Concluyó la larga retahíla dando un puñetazo sobre la mesa. Resonó el cristal y Vevers dijo:
—Espero que habrá comprendido que está detenida.
Los círculos verdes ribeteados de oro de la tapicería de la oficina de Vevers comenzaron a danzar ante mis ojos. Me pareció que todo el despacho se tambaleaba.
—¡Es ilegal! No he cometido ningún delito —exclamé, moviendo fatigosamente la lengua seca.
—¿Que es ilegal? ¿Qué es eso? La orden de detención dictada por el procurador. Está fechada el cinco de febrero y hoy es quince. Pero no tenemos tiempo. Hoy mismo me han telefoneado de cierto sitio. ¿Cómo, me han preguntado, tiene usted a los enemigos del pueblo paseando libremente por la ciudad?
Me levanté y di un paso hacia el teléfono.
—Permítame comunicarlo a mi casa.
Vevers rió divertido.
—No me haga usted morir de risa. ¿Desde cuándo a los detenidos se les permite hablar por teléfono?
—¡Entonces telefonee usted!
—Todo se andará. Por lo demás, esto no le interesa tanto a su marido. Él ya la ha repudiado. Ni que decir tiene que es una sabrosa historia: ¡un miembro del Gobierno y de la Secretaría del Comité Regional con una mujer semejante! Pero ahora es otro asunto el que importa. Hay que redactar el acta. ¡Responda a mis preguntas!
Escribió algo, y luego me lo leyó:
—El juez instructor sabe que usted formaba parte de la organización terrorista clandestina constituida en el seno de la redacción de Tartaria roja. ¿Lo confirma?
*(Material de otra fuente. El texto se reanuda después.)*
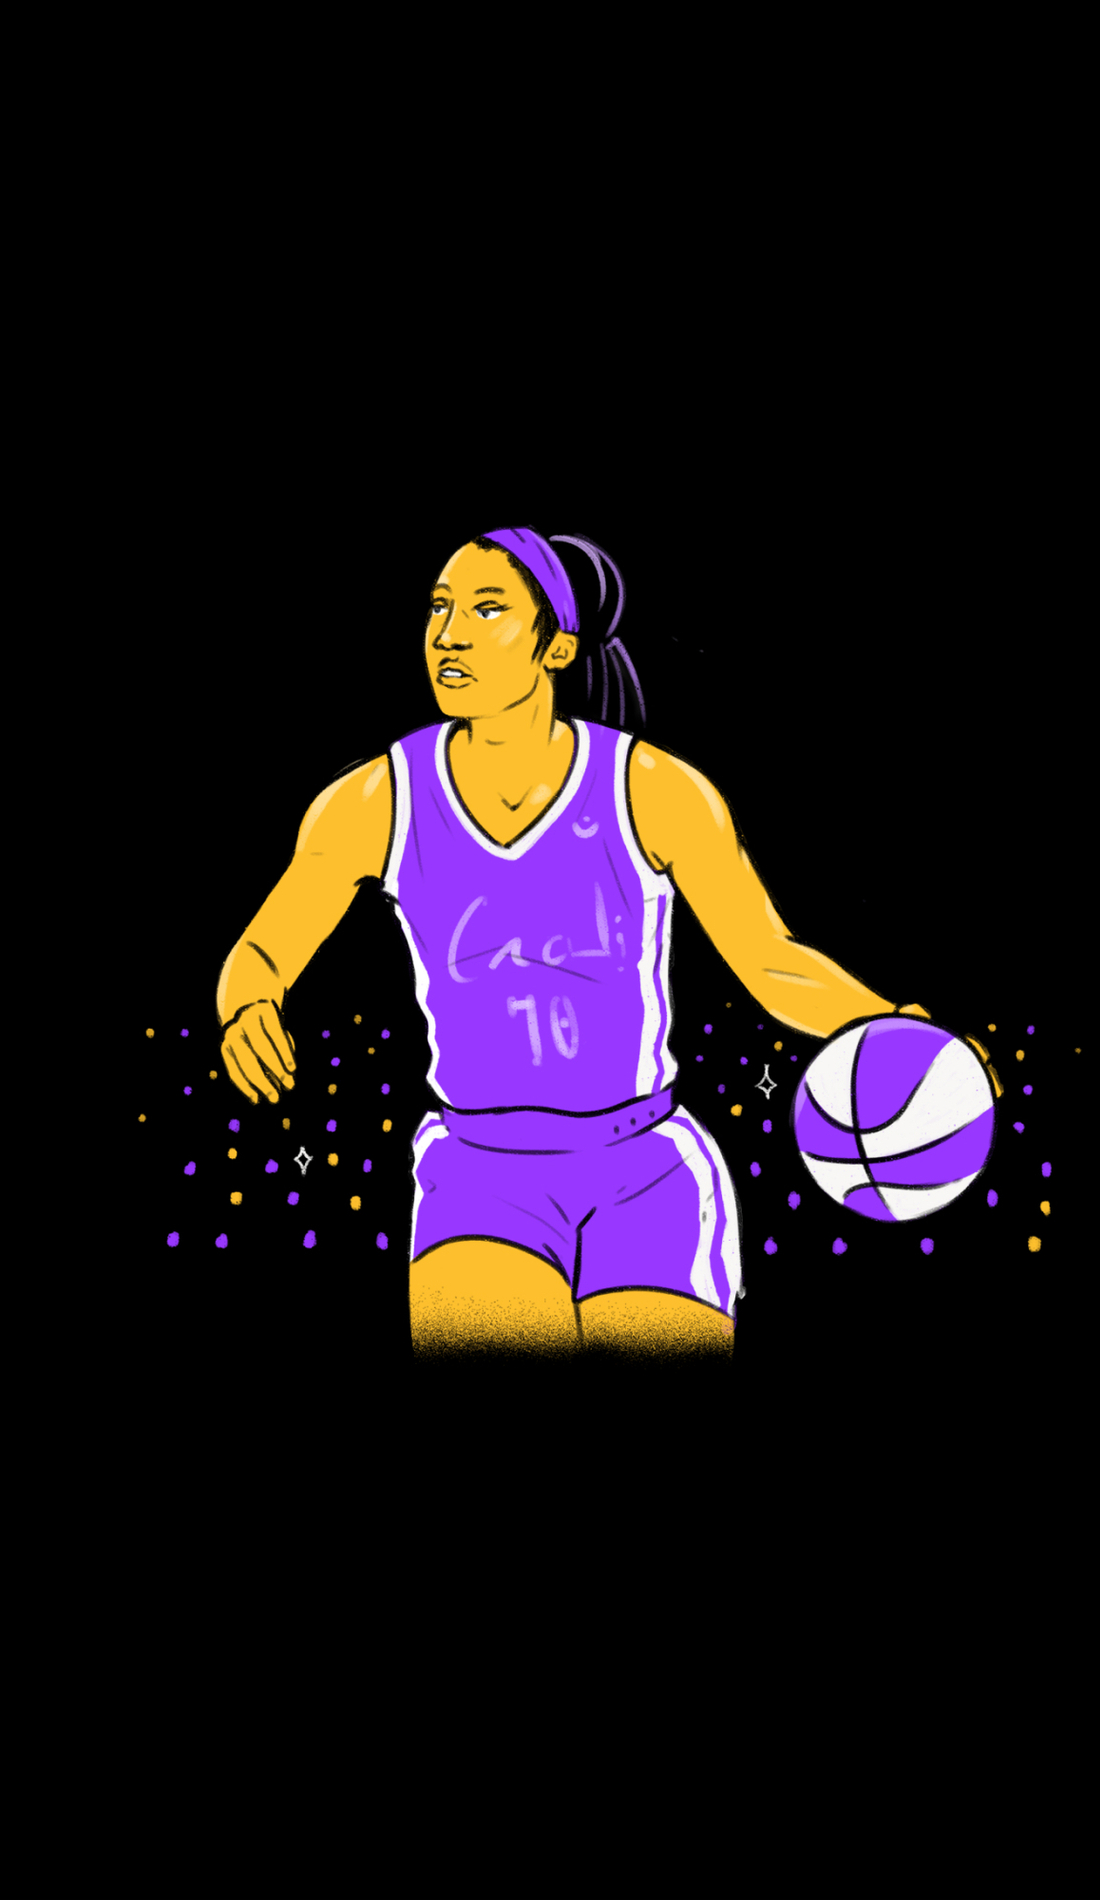 A North Carolina Tar Heels Womens Basketball live event

—¡Usted delira! No existía ninguna organización, y yo no pertenecía a nada.
—¡Silencio!
Un nuevo puñetazo sobre la mesa, seguido de una quejumbrosa vibración del cristal.
—¡Deje ese tono de señora! Ya ha hecho bastante de señora, ahora irá a la cárcel.
—¿Quién le da derecho a dar puñetazos y hablarme de esta forma? Exijo ver al camarada Rud, jefe de la Dirección Regional.
—¿Conque usted exige? Ya le demostraremos lo que valen sus exigencias.
Pulsó el botón de un timbre y compareció una mujer vestida con el uniforme de prisiones.
—Regístrela inmediatamente.
Como detenida, carecía aún de experiencia. Todas mis nociones sobre el régimen carcelario se limitaban a las memorias de los viejos bolcheviques y de los libros sobre el movimiento «Libertad del pueblo». Soporté con disgusto y estupor los movimientos de aquellas desvergonzadas manos que hurgaron en mis bolsillos y recorrieron, viscosas, todo mi cuerpo. Terminó el cacheo. Todas las armas que me encontraron encima fueron las tijeras para las uñas que hallaron en mi bolso.
El capitán Vevers pulsó otro timbre y compareció un soldado. Luego me miró de nuevo con sus ojos plomizos, llenos de odio y menosprecio.
—¡Y ahora, a la cárcel! ¡Al sótano! Se quedará ahí hasta que lo haya confesado y suscrito todo.